Sub-50ms Analytics: How We Scaled Reporting for Billions of Records
Once your app hits a certain scale—hundreds of millions or even billions of records—handling analytics and reporting becomes a completely different beast.
We felt this acutely last year at SparkLoop. Our platform had grown to store hundreds of millions of events just as we introduced an "Advanced Reports" page. This feature allowed users to generate reports across arbitrary time ranges, filtered by six different dimensions.
Our initial approach was to use ClickHouse. It made sense, right? After all, ClickHouse is built specifically for this use case.
Wrong. It was a disaster.
The problem wasn't ClickHouse itself—it’s a fantastic tool—but rather the assumption it's built on: that data is immutable. That immutability is exactly what makes it so fast.
But at SparkLoop, our data is rarely static. Take referrals: they start as "pending," then move to "confirmed" or "rejected." To handle these updates in ClickHouse, you have to constantly deduplicate data (usually via complex ReplacingMergeTree logic). That process was cumbersome, fragile if column schemas changed, and incredibly resource-intensive.
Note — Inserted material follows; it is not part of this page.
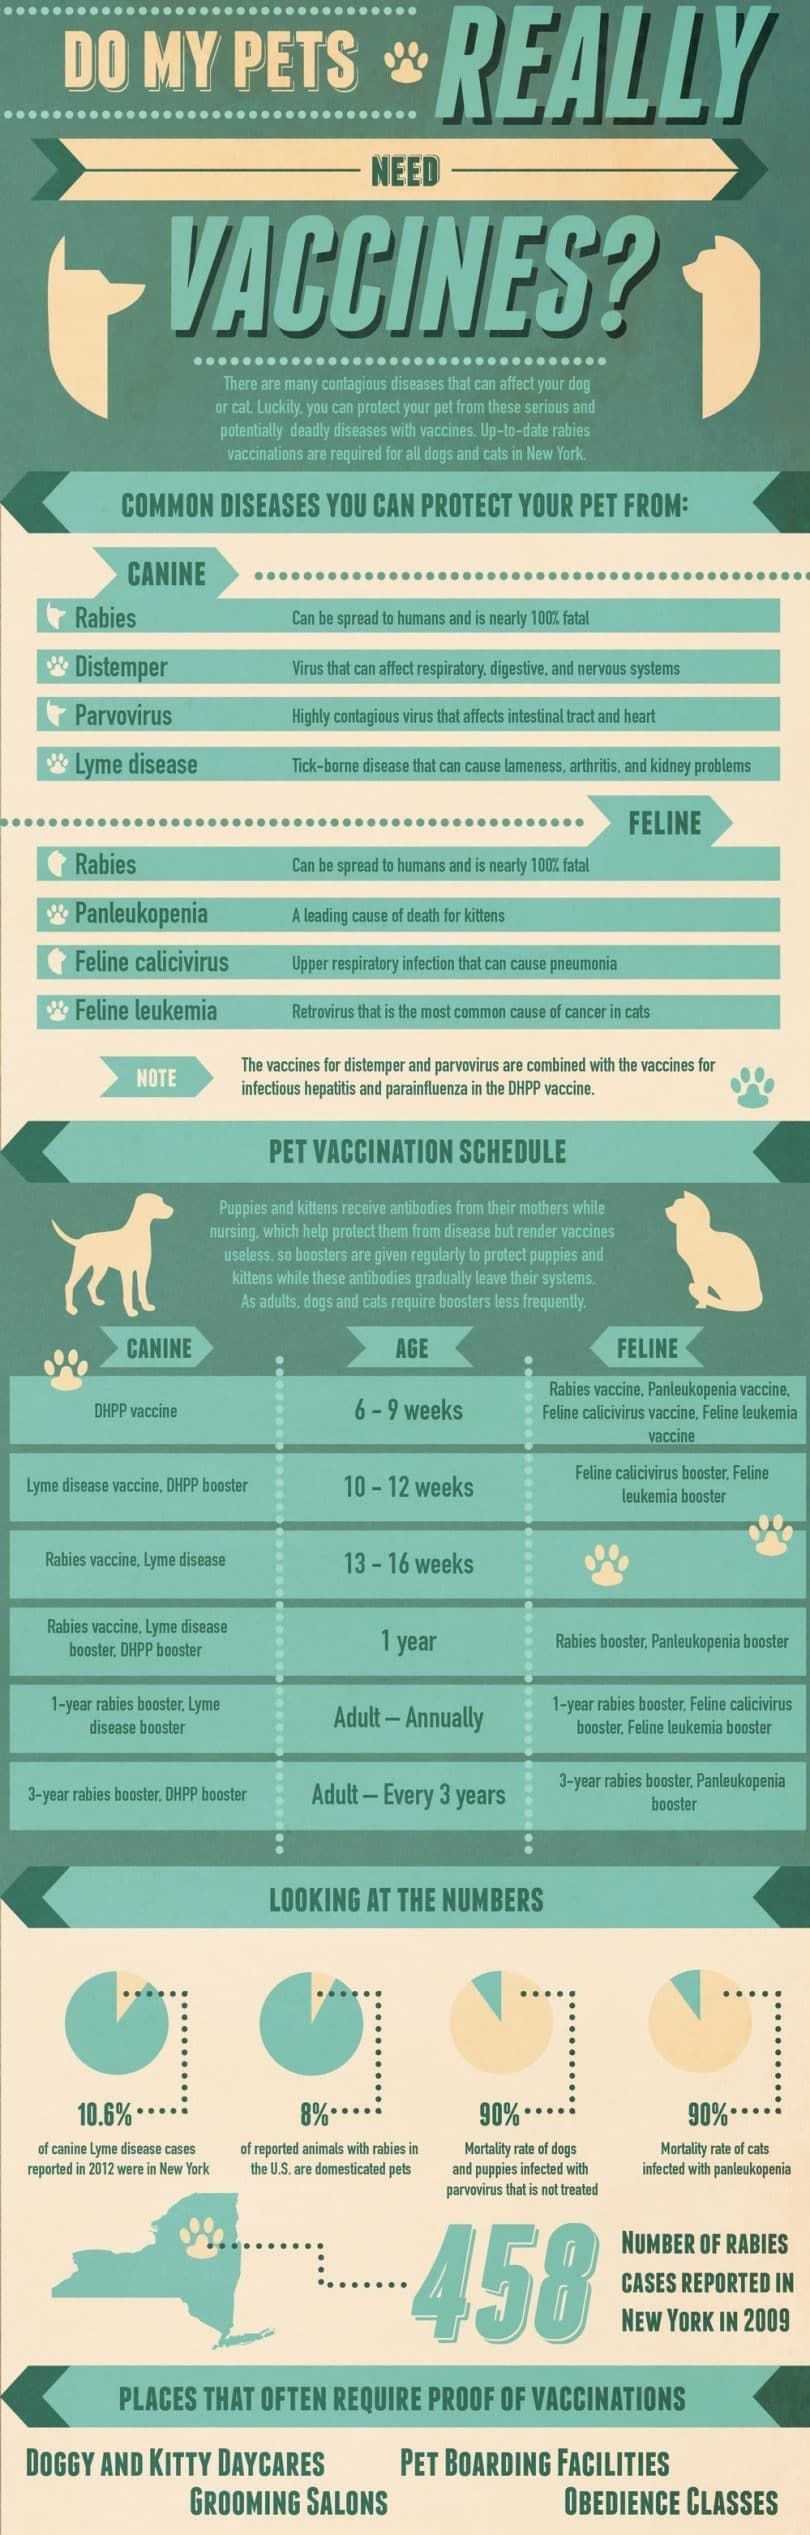 Do my pets really need vaccines

We could only afford to run the deduplication every three hours, which meant the dashboard was always slightly out of sync. To top it off, it was expensive: our instance was costing us $1,000/month just to serve these reports.
The turning point came when I saw an interview between Jesse Hanley with Aaron Francis. Jesse mentioned using ElasticSearch to keep his site snappy. It stopped me in my tracks. I’d always thought of ElasticSearch as a tool strictly for search—and one that was a nightmare to maintain.
One day, out of desperation, I DMed Jesse for advice. He was incredibly helpful and opened up the world of Elasticsearch for me. I learned two things that changed my perspective:
- It’s an analytics powerhouse: While designed for search, ES handles "Aggregations" (their version of GROUP BY) incredibly well. Unlike ClickHouse, ES allows you to update a document by ID easily, making it perfect for our mutable data.
- The complexity is optional: Most of the maintenance headache is abstracted away if you use the searchkick gem (shoutout to the prolific Andrew Kane) and a dedicated host like Elastic.co
Armed with Searchkick and Jesse’s encouragement, I started hacking. It took a few days to wrap my head around the new architecture, but once I created my indexes and a thin wrapper to query them in Rails, the difference was night and day:
- Ridiculously fast: Most queries—even those calculating totals across hundreds of millions of records—return in under 50ms.
- No more deduplication: ES handles updates to existing records gracefully. No more background jobs, no more lag.
- Real-time data: The dashboard is always current.
- A healthier Postgres: Because we moved these heavy analytical queries over to ES, the load on our primary PostgreSQL database decreased by 25%, making the entire app feel more responsive.
The best part? We got all this extra performance for 1/10th the monthly spend as our struggling ClickHouse instance.
I’m incredibly grateful to Jesse for the pointer and the folks at Elastic for the tech. It’s a reminder that when you’re stuck in a technical hole, sometimes the best move isn’t to dig harder—it’s to reach out to the community and ask how they solved it.